= Frederick L. A. Grauer =

Frederick L. A. Grauer was chairman and chief executive officer of Barclays Global Investors and its predecessors from 1983 to 1998 and a member of the management committee of Barclays Group. Grauer became a general partner of Angel Investors, L.P., a venture capital fund, in 1999, He also served as Senior Advisor to Barclays Global Investors and its acquiror, BlackRock, until 2015. A pioneer in index funds referred to as the "king of indexing" and the "godfather of quant management," Grauer was recognized by Global Custodian as one of the 100 most important contributors to modern finance in the 20th century and has been featured on the cover of Fortune.

Grauer became a general partner of Angel Investors, L.P. (predecessor to SV Angel) in 1999, where Fred, Ron Conway, Bob Boseman, and Casey McGlynn led investments in over 250 companies, including Google, PayPal, and Ask Jeeves. Their first fund, Angel Investors I, raised in 1999, generated a 7 times return, and their second, raised during 2000, saw a 1.5 times return.

Grauer is currently senior advisor to and a member of the boards of directors of Course Hero, a student question-and-answer platform that helps students learn faster and remember longer; Credit Sesame, a personal credit management platform for individuals seeking to optimize their use of credit, and a trustee of the Mountain View Funds of American Century Investments and chairman of its governance committee.

Grauer is also a member of the board of advisors to the Stanford Institute of Economic Policy Research.

In his not-for-profit activities, Grauer is chairman emeritus and charter trustee emeritus of the board of trustees of the Woodrow Wilson National Fellowship Foundation, and was a member of the boards of trustees of Commonfund, the Monterey Institute for International Studies, and Menlo School.

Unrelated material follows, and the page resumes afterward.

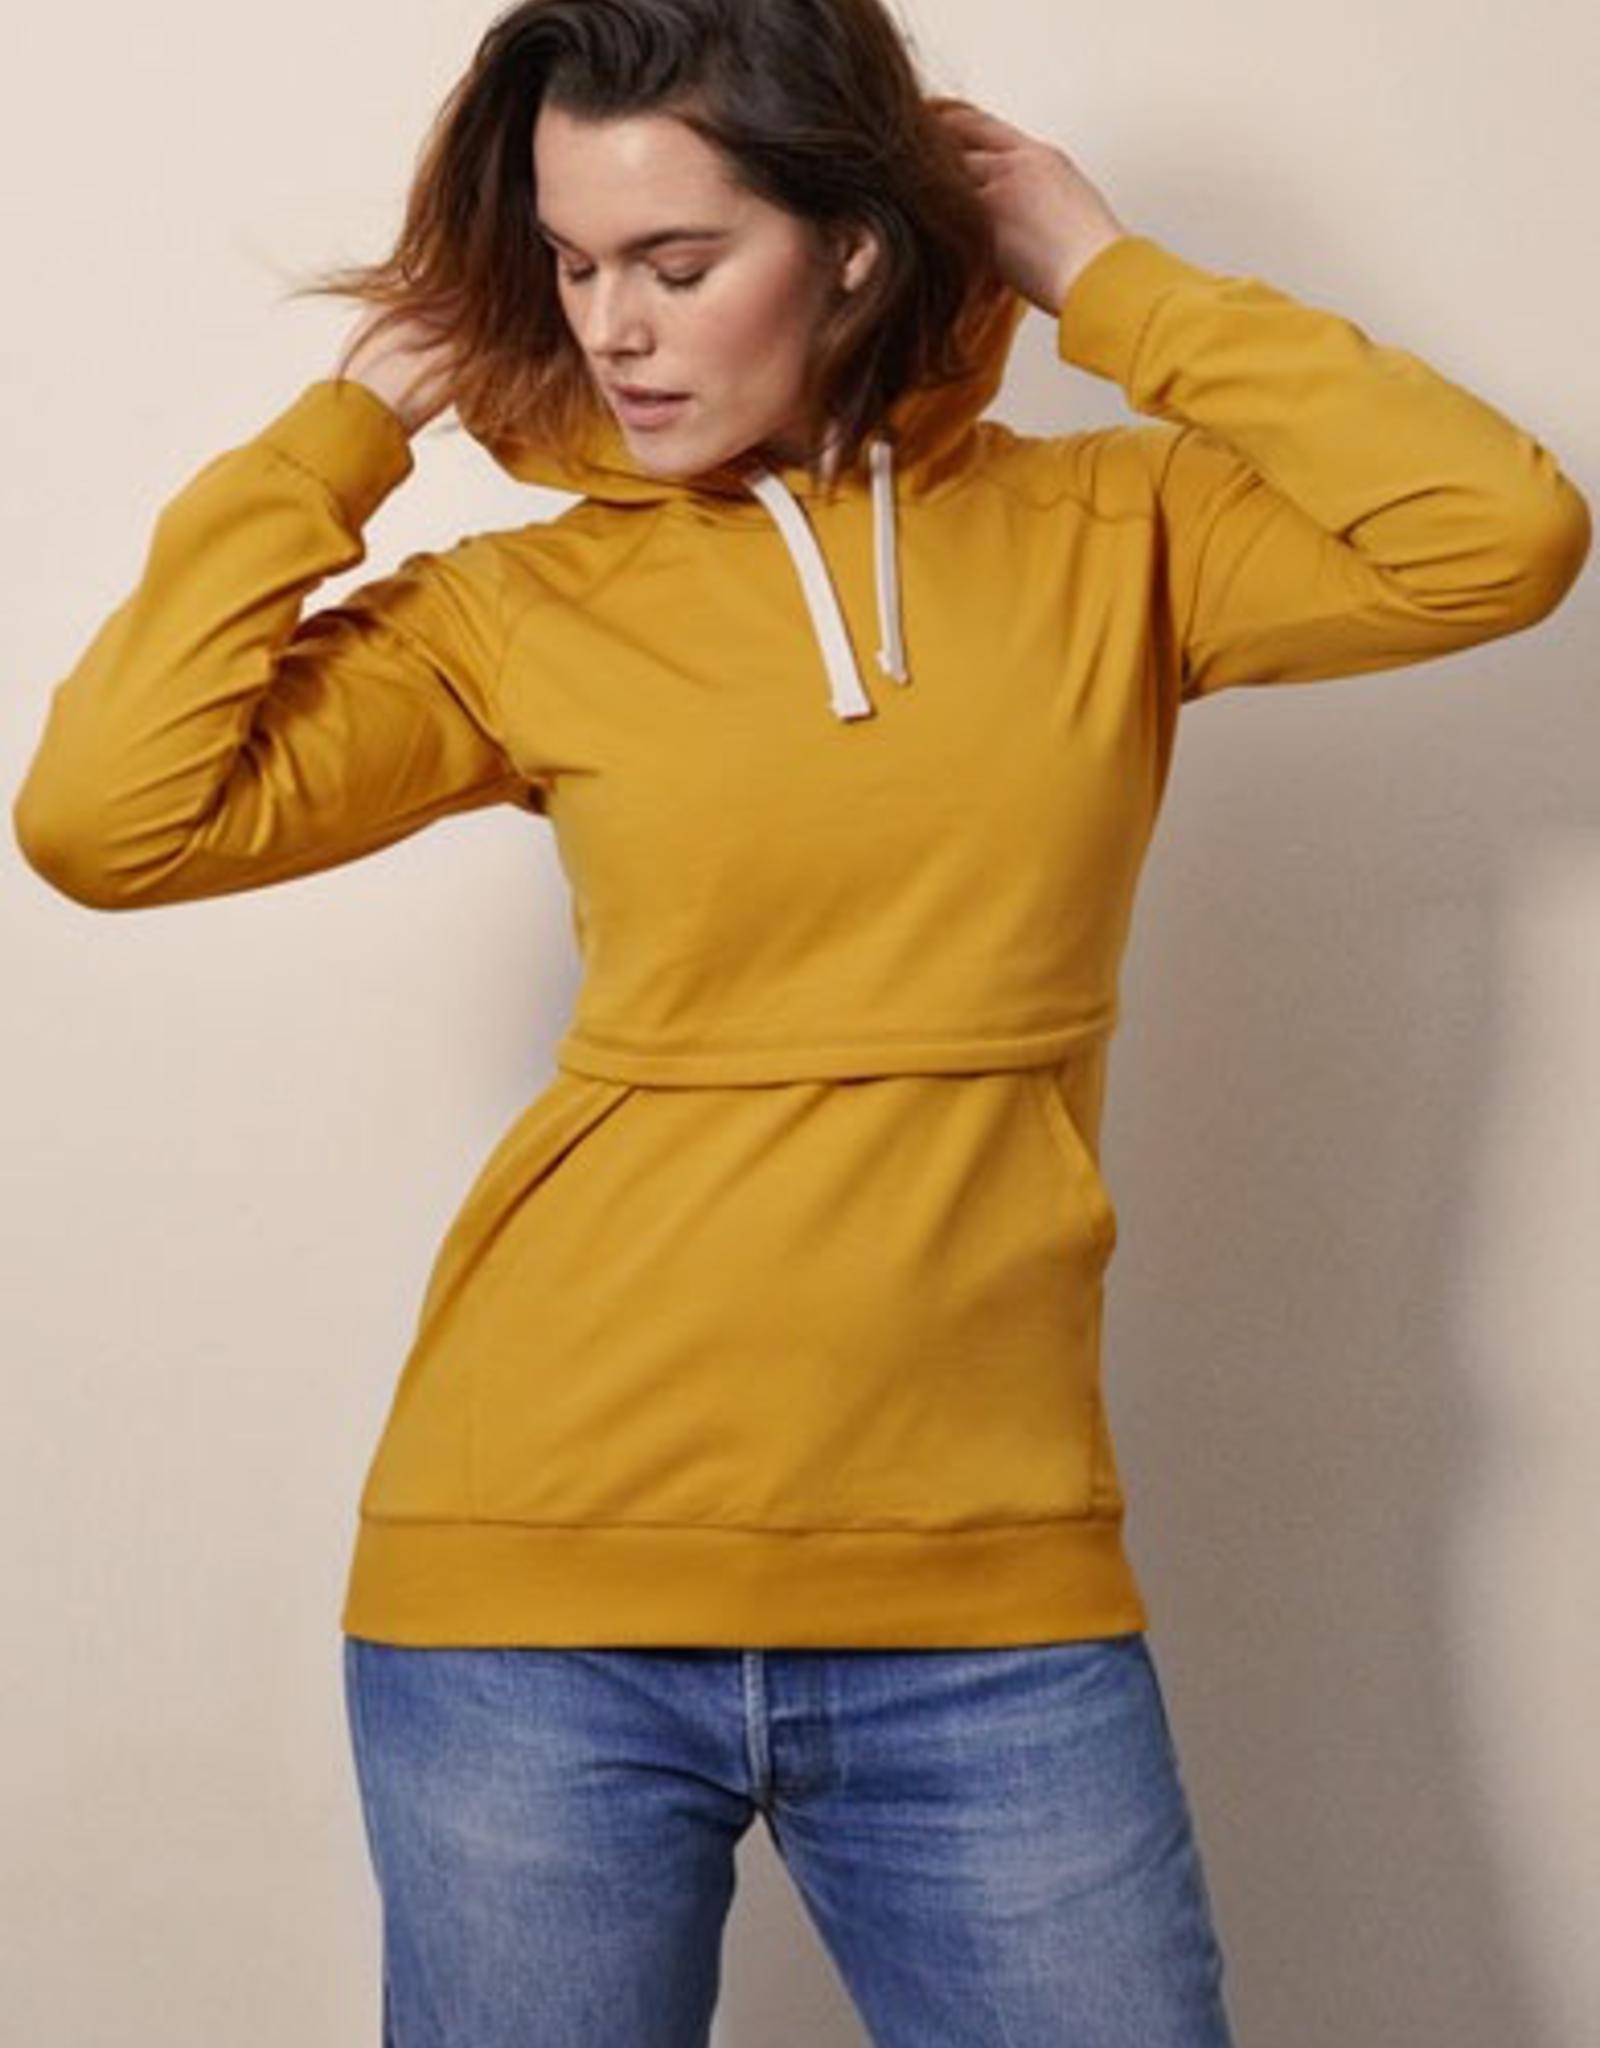 Boob Design B-Warmer Nursing Hoodie in Amber
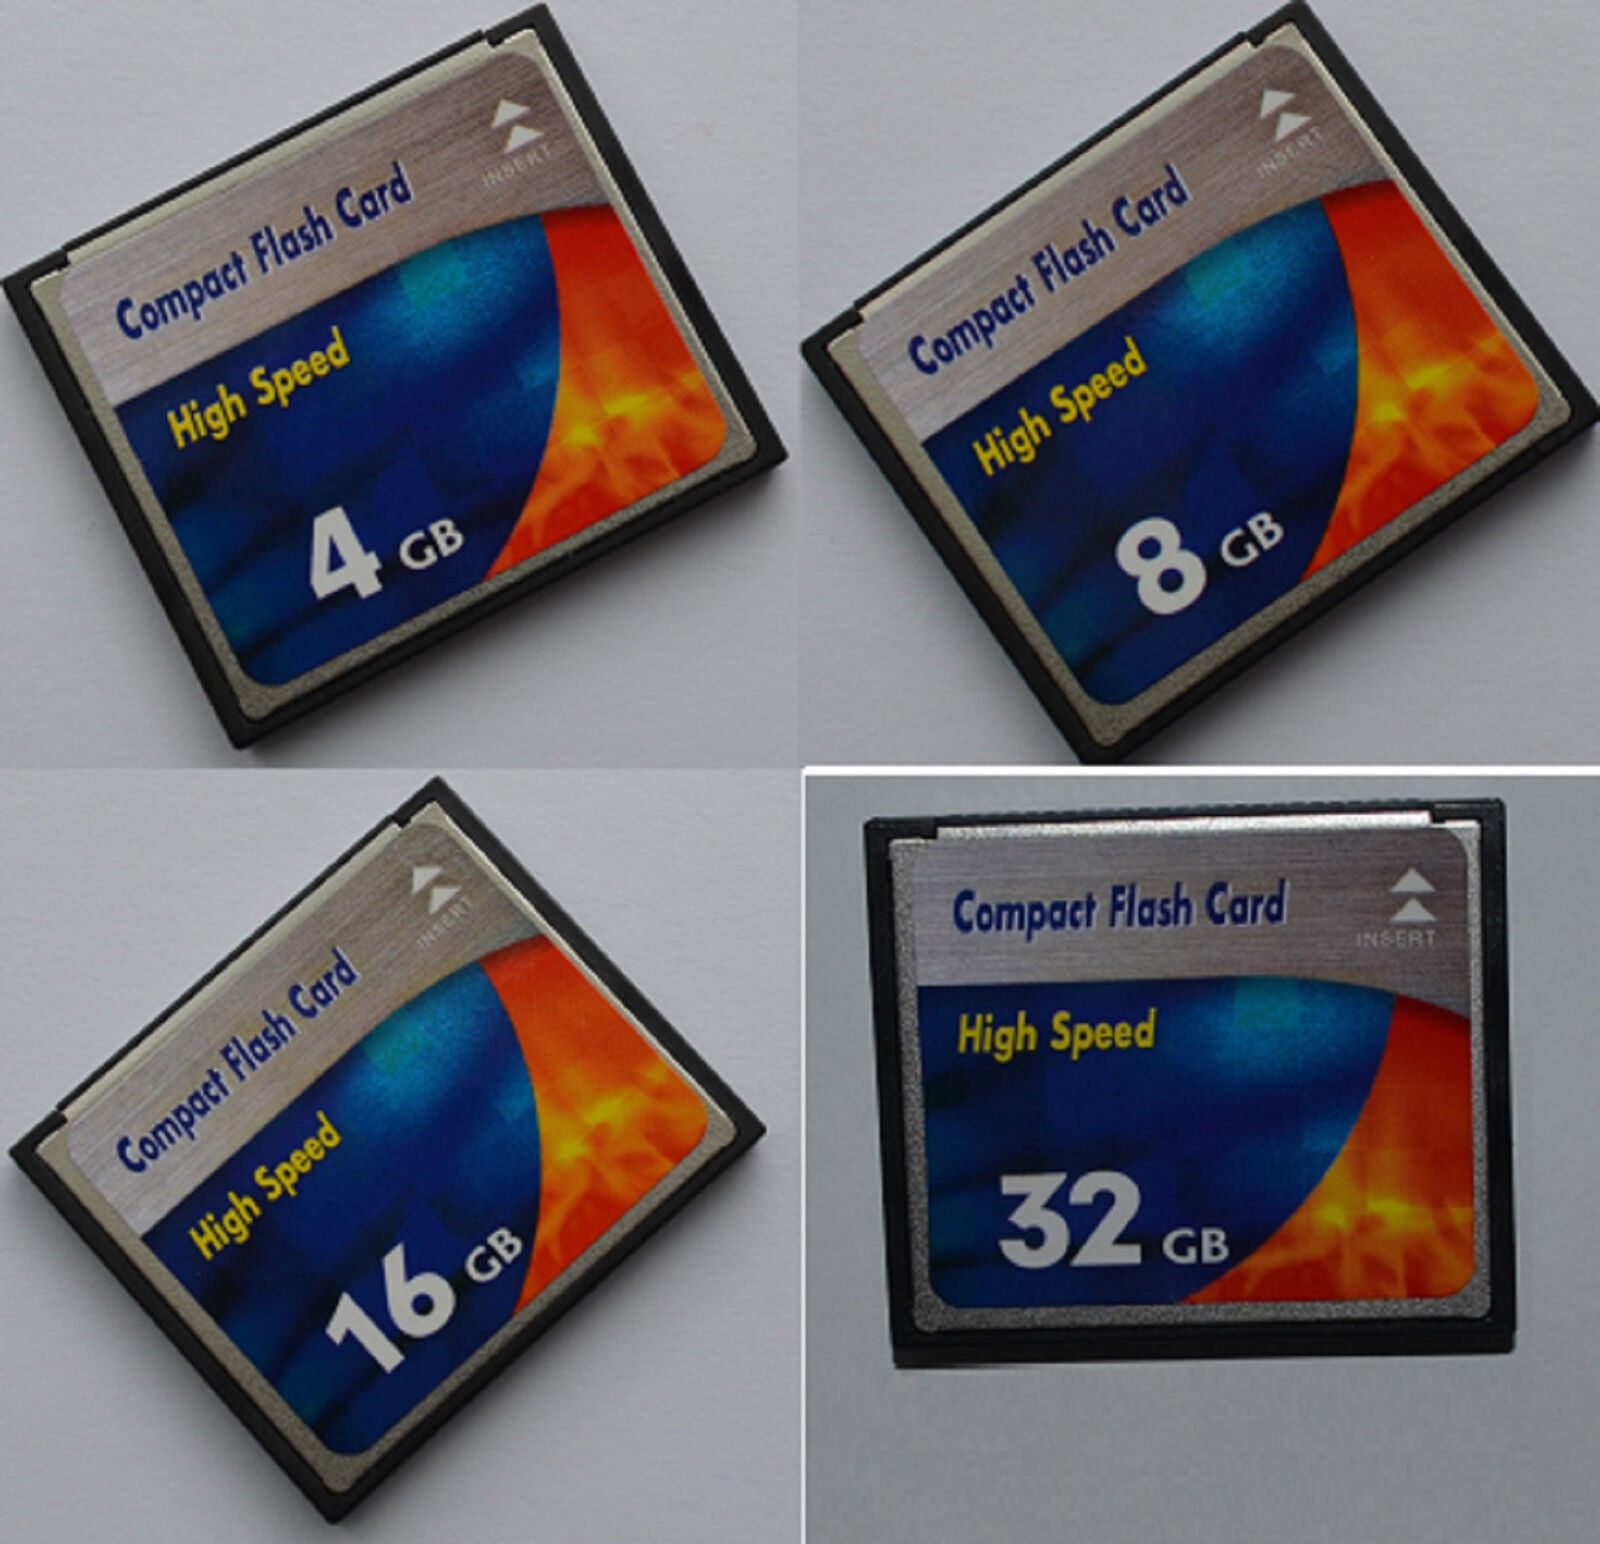 Compact Flash Karte.Speicherkarte Compact Flash Cf Karte 4 Gb 8 Gb 16 Gb 32 Gb Für Digital Kamera

Previously, Grauer was with the capital markets group of Merrill Lynch and held several senior executive roles at Wells Fargo, including executive vice president and head of its funding group and CEO of Wells Fargo Investment Advisors. He was also a professor of finance at the MIT Sloan School of Management and Columbia University. Grauer received a Ph.D. in business from Stanford University, an M.A. in economics from University of Chicago and a B.A. with honours in economics from the University of British Columbia.